6. Other Auxiliary Functions#

  • getenv: get the value of an environment variable.
  • putenv: set an environment variable (rarely used).
  • remove: delete a file.
  • rename: rename a file.

The Original Article Is Very Interesting, Strongly Recommended to Watch#

Clearly, we fit the characteristics summarized in feature 4, and are even more extreme.

【The Latency and Causes of "Embedded Appendicitis"】

General MacArthur once commented: Seeing a doctor at Baidu, cancer starts. You pseudo-experts make Semihosting sound so terrifying, “even the compiler is implanted by default,” how come I’m still living well? How come I’ve never encountered it?

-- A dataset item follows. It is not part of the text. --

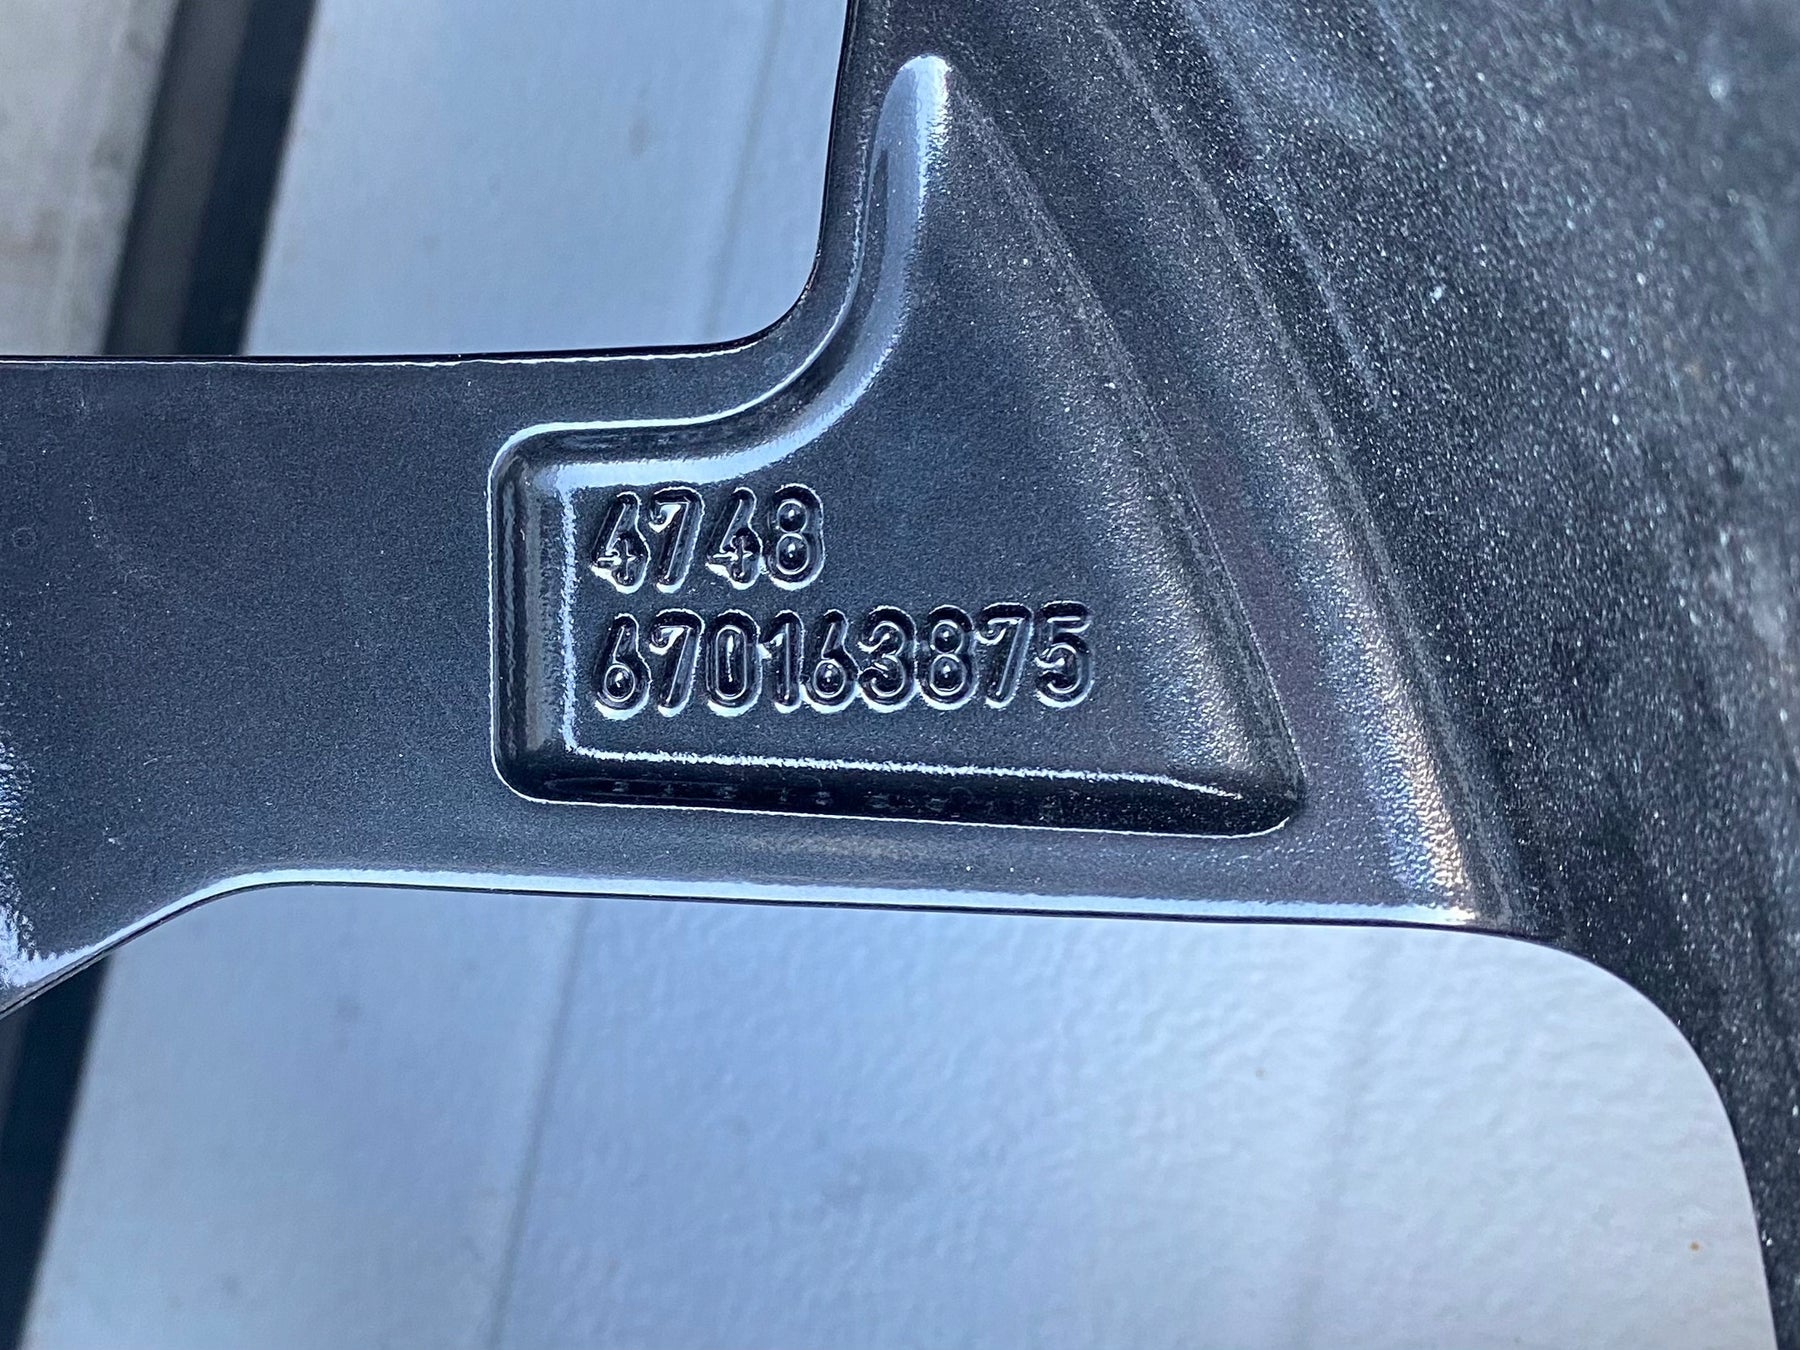 Maserati MC20 Black Wheel 20 inch set with tires, OEM, Part number:

To be frank, you may fit the following characteristics:

  1. Most of the time you use Arm Compiler 5;
  2. Most of the time you default to using MicroLib;
  3. When not selecting MicroLib under Arm Compiler 6, you encounter the phenomenon of “everything works fine in debug mode, but the program crashes when running directly” — thus silently noting in your notebook that you can only use MicroLib;
  4. Never use libc functions other than malloc, even including printf;
  5. The program template is made by a big shot;
  6. Application development is based on example projects provided by chip manufacturers;
  7. Use software platforms like RT-Thread that provide “one-stop services.”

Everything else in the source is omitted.